A prime property purchased by late actor Sridevi on East Coast Road (ECR) near Chennai has become the subject of a legal dispute, with three individuals staking ownership. This has prompted her husband, renowned Bollywood film producer Boney Kapoor, to approach the Madras High Court seeking cancellation of what he terms a “fraudulent legal heirship certificate” obtained by the trio.
Sridevi, who passed away in 2018, had bought the property with a farmhouse abutting the coastline in 1998.
Hearing Kapoor’s writ petition, Justice N. Anand Venkatesh directed the Tahsildar of Tambaram Taluk to decide within four weeks on the petitioner’s representation to cancel the heirship certificate issued in favour of the three individuals now claiming rights over the property.

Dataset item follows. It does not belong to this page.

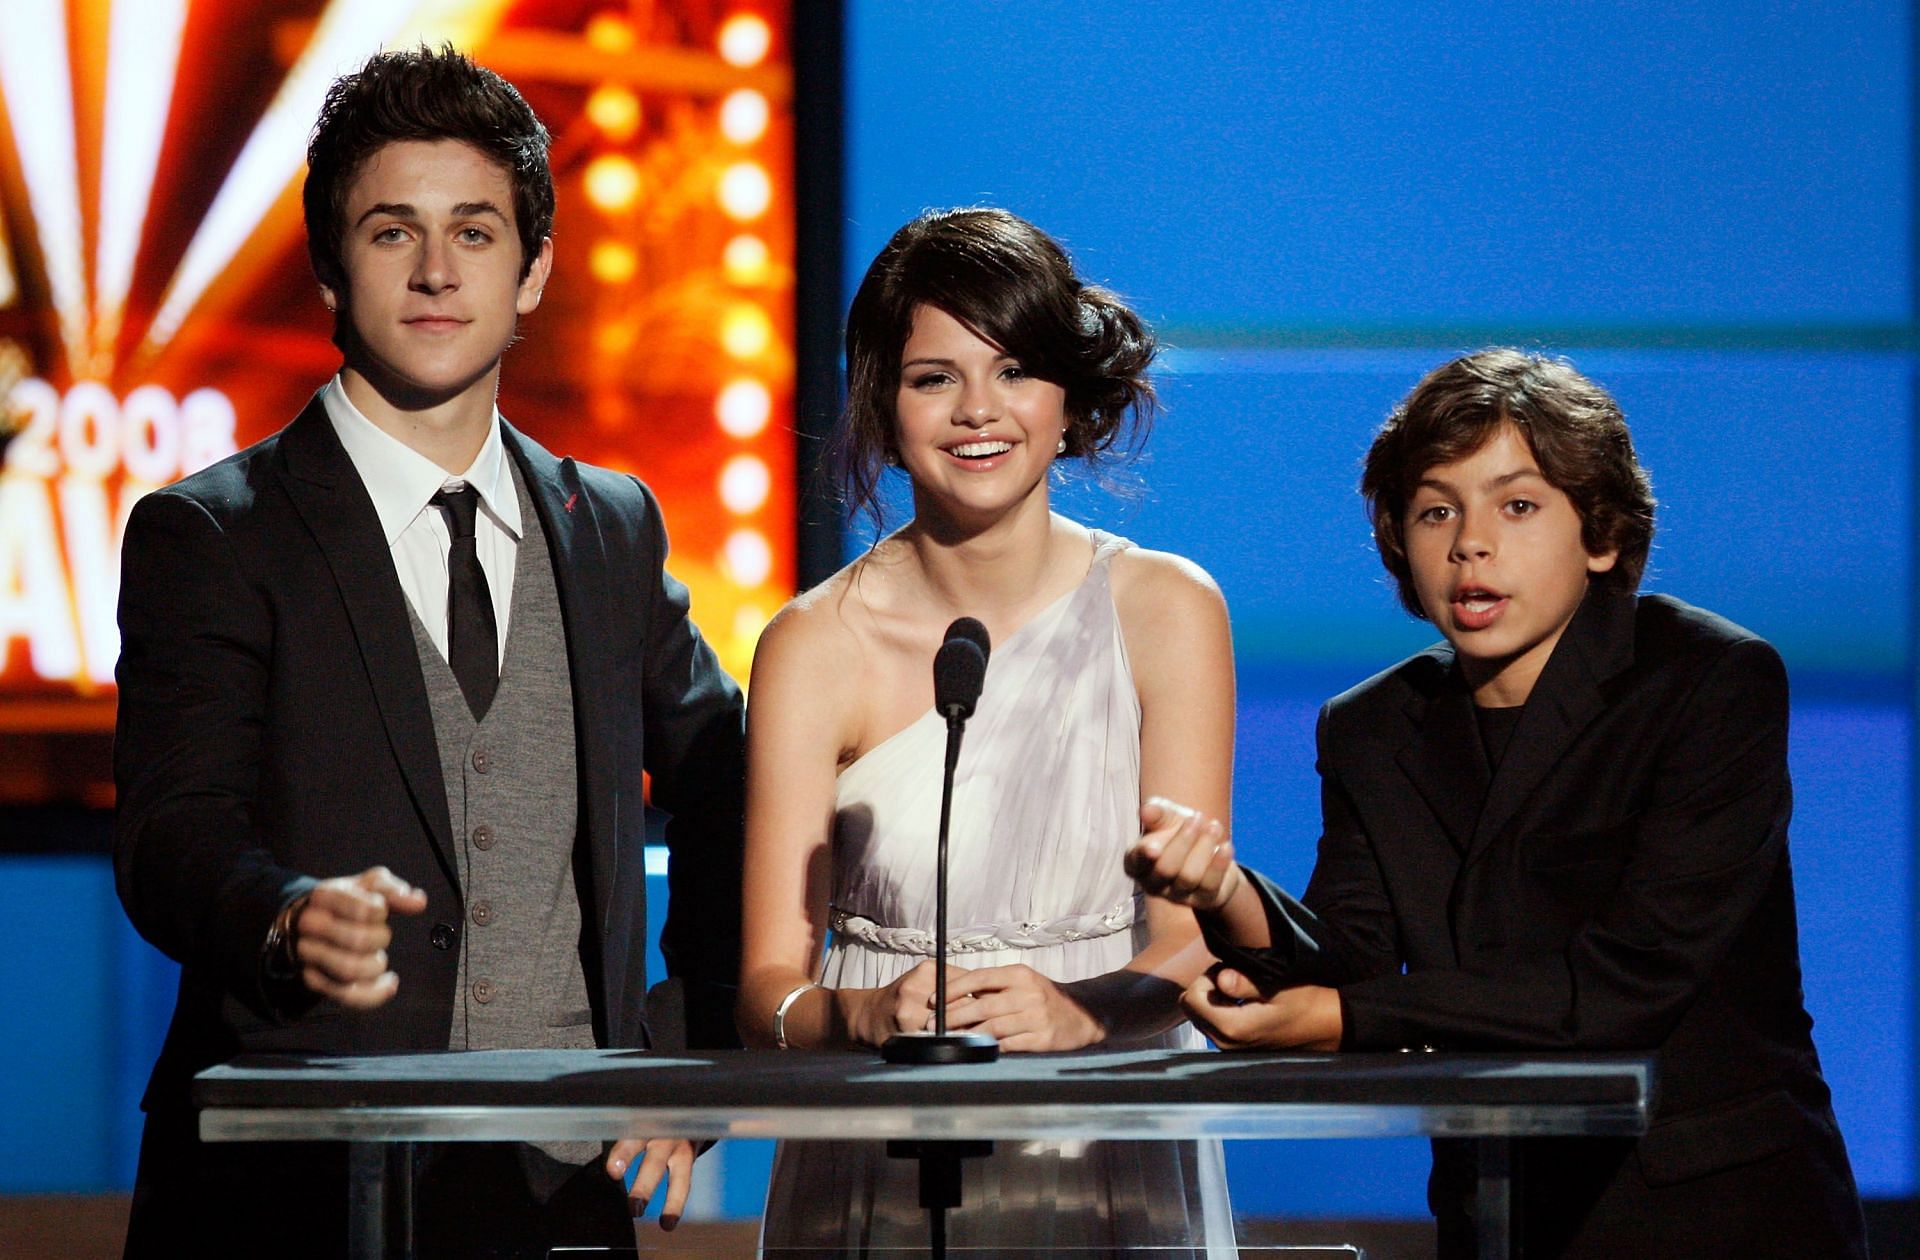 The 2008 ALMA Awards. (Photo by Vince Bucci/Getty Images)

In his plea, Kapoor sought directions to the Chengalpattu District Collector and the Tambaram Tahsildar to act on his representation made in April this year. He submitted that Sridevi had purchased the land in 1998 from M.C. Sambanda Mudaliar of Mylapore, and her family had been in absolute possession of the property since then, using it as a farmhouse.

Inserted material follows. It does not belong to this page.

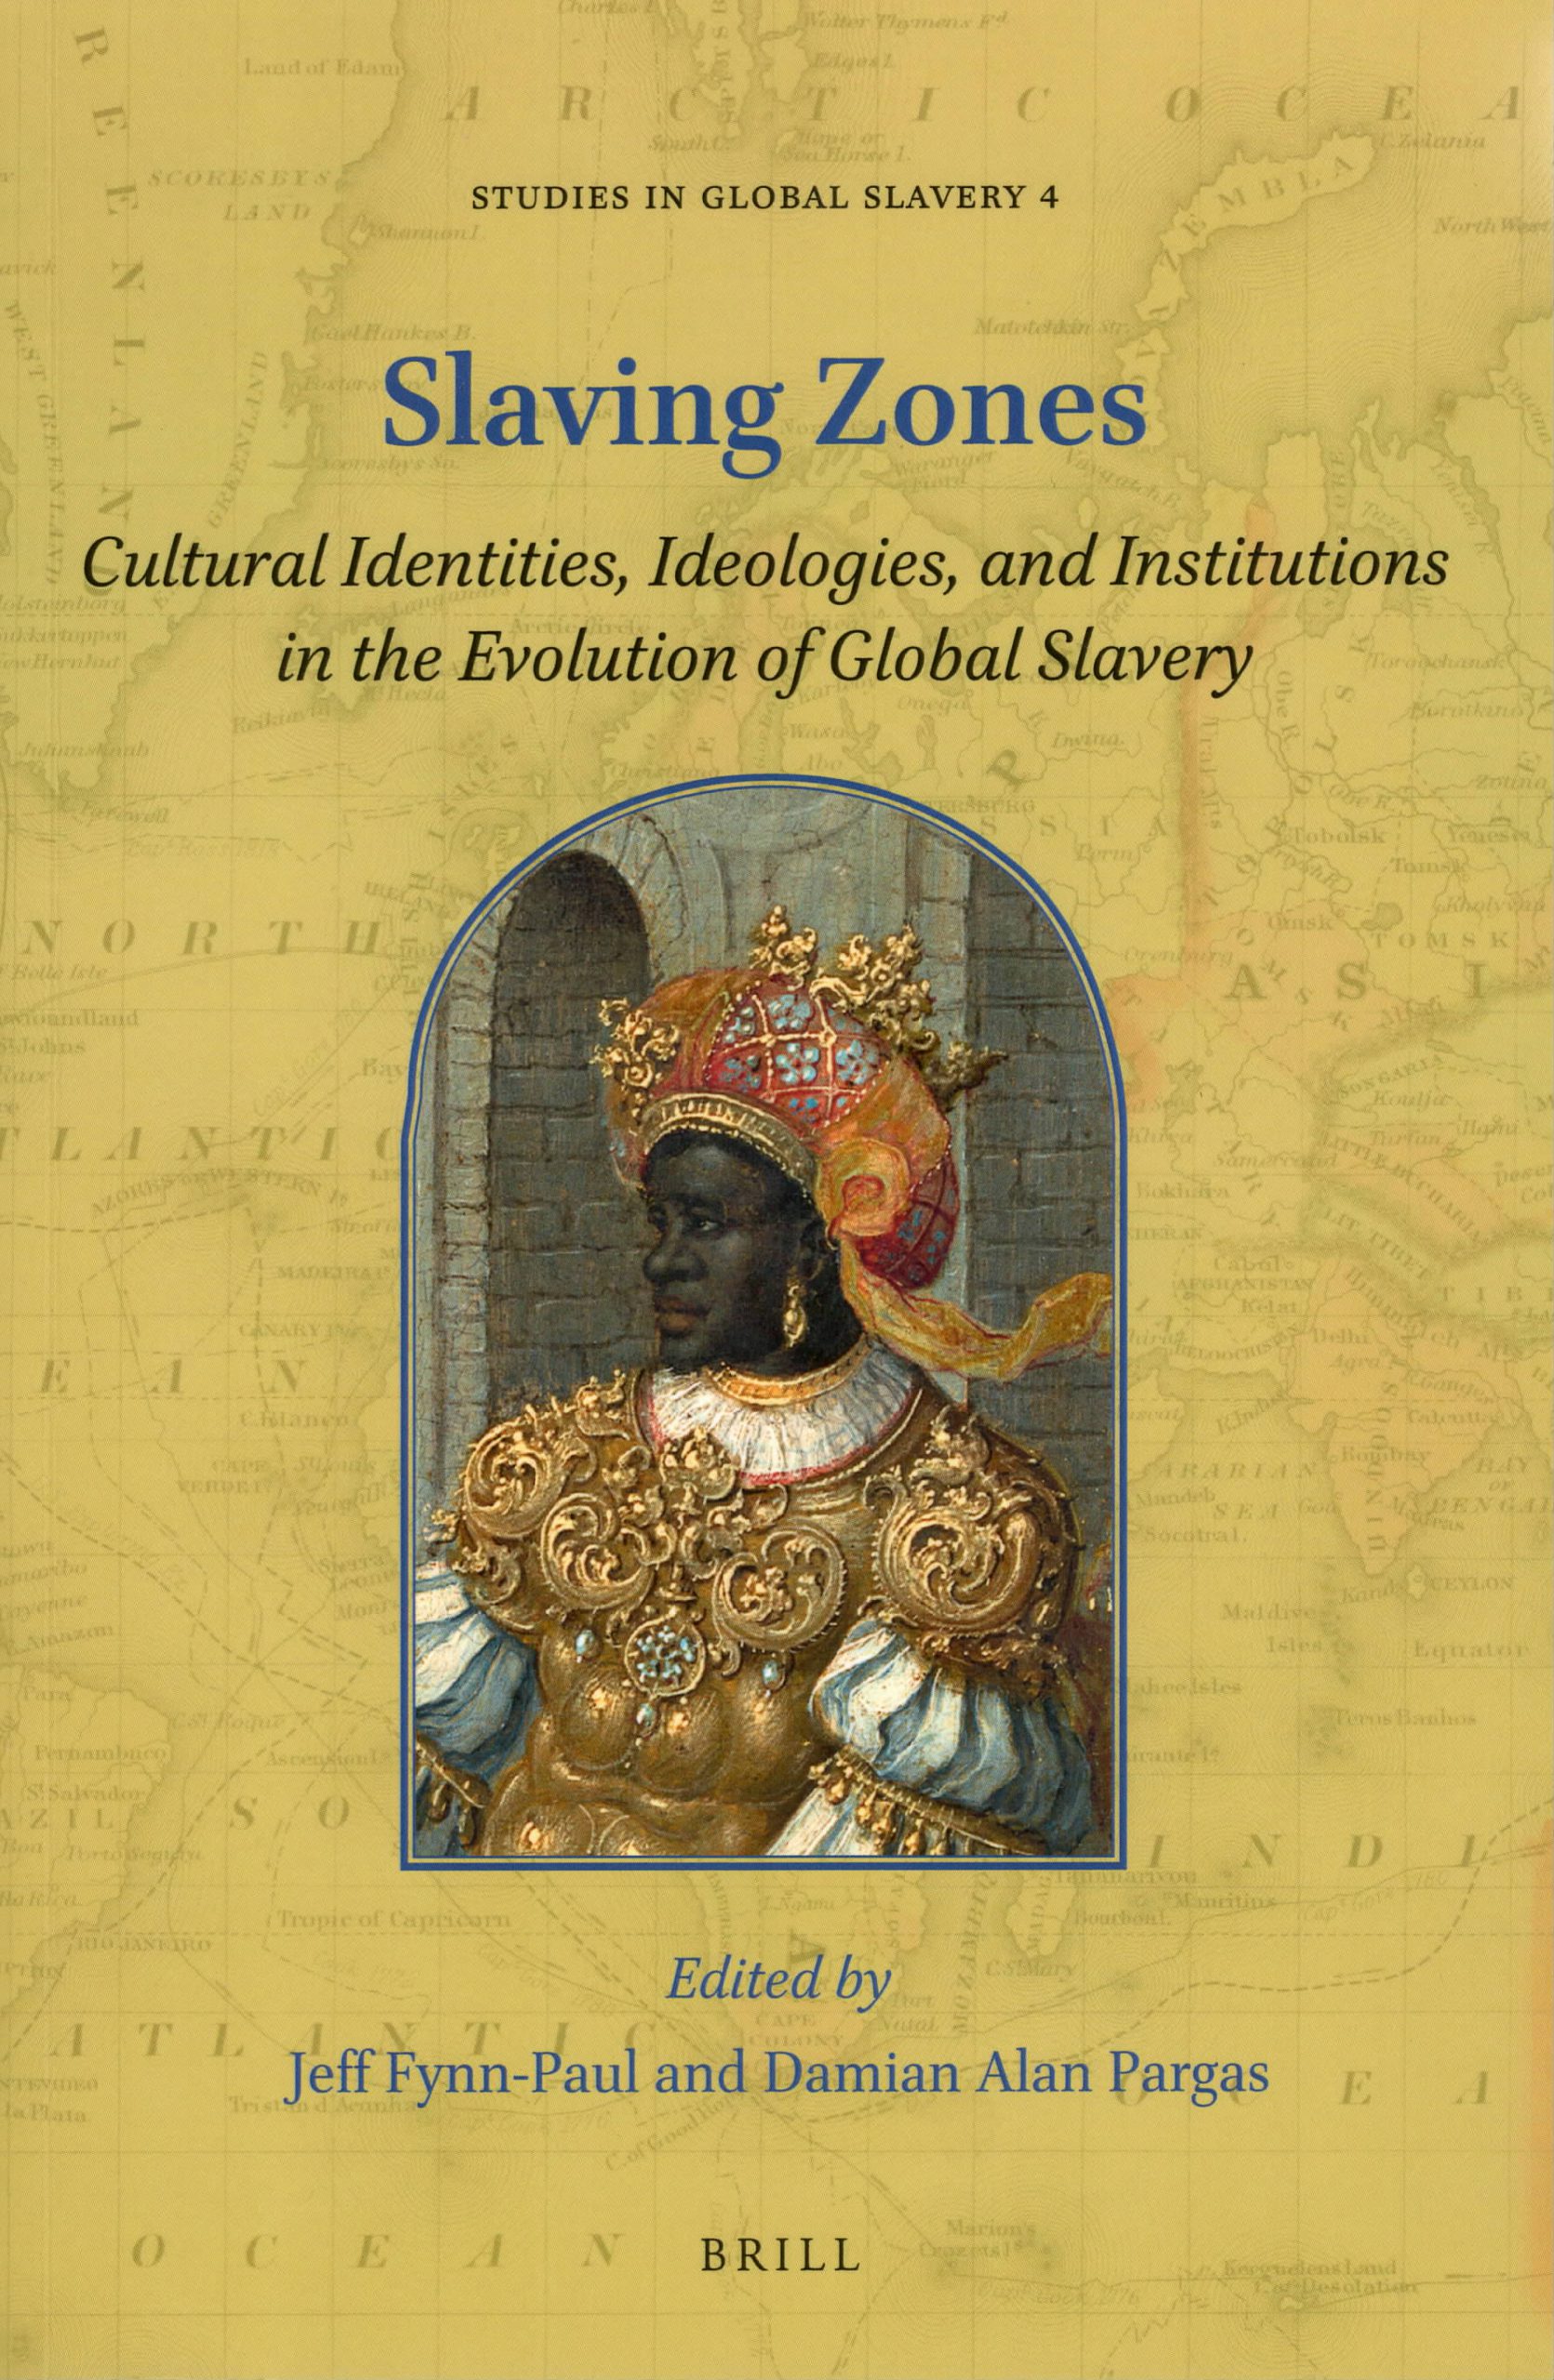 Slaving zones: cultural identities, ideologies, and institutions in the evolution of global slavery

The original title holder, Mudaliar, had three sons and two daughters, who executed a partition deed in 1960. Based on this deed, Sridevi bought and registered the property.

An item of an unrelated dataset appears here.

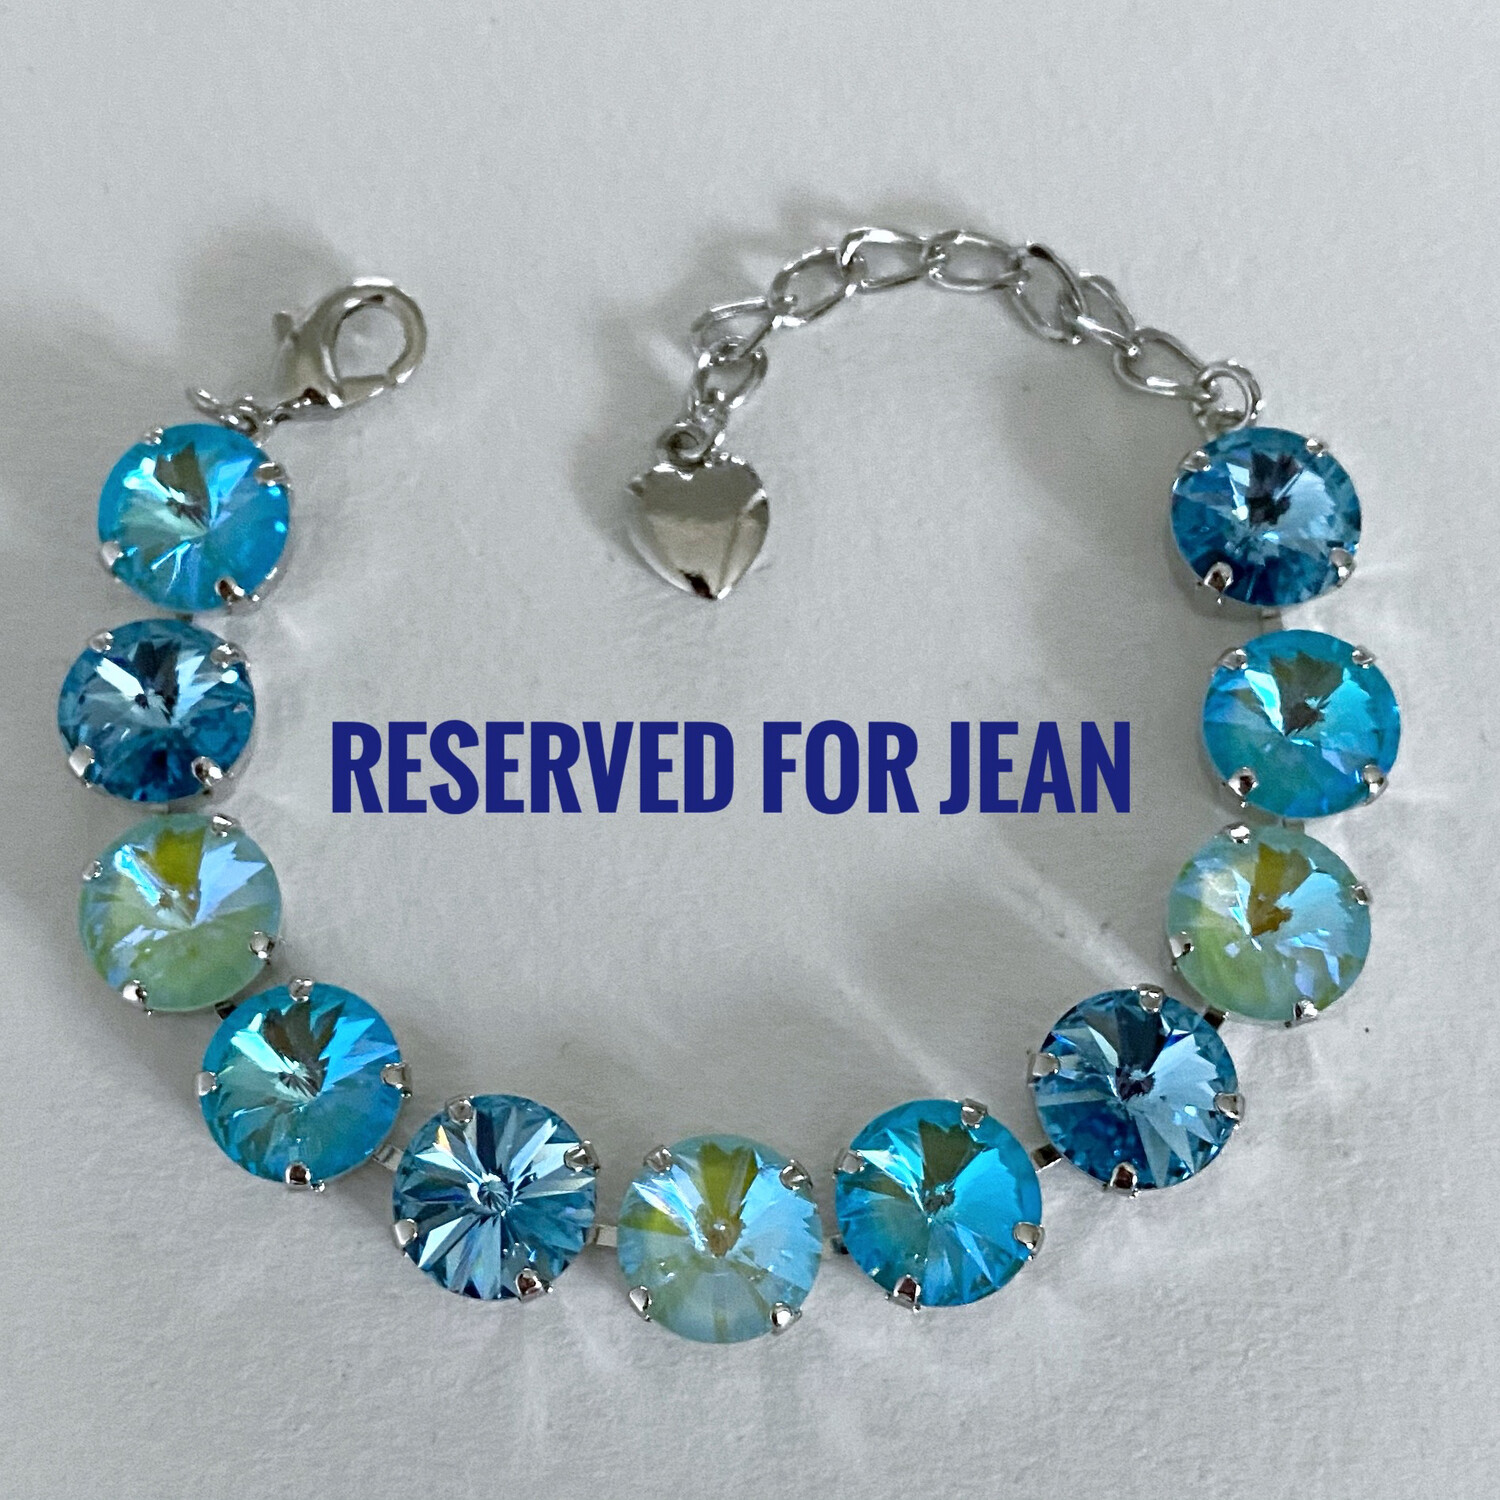 Reserved for Jean

Recently, however, three individuals—claiming to be the second wife and two children of one of Mudaliar’s sons—produced a 2005 heirship certificate to claim a share. Kapoor contested the jurisdiction of the Tambaram Tahsildar to issue such a certificate, noting that Mudaliar’s family resided in Mylapore, not Tambaram.
Kapoor further challenged the claim of the alleged second wife, who said she married in 1975, arguing that the marriage could not be valid as the man’s first wife lived until 1999. On these grounds, Kapoor asserted that the trio could not qualify as Class I or Class II heirs under the Hindu Succession Act. He also alleged that they have been harassing him by filing multiple civil suits and petitions before revenue authorities to press a false claim over the property.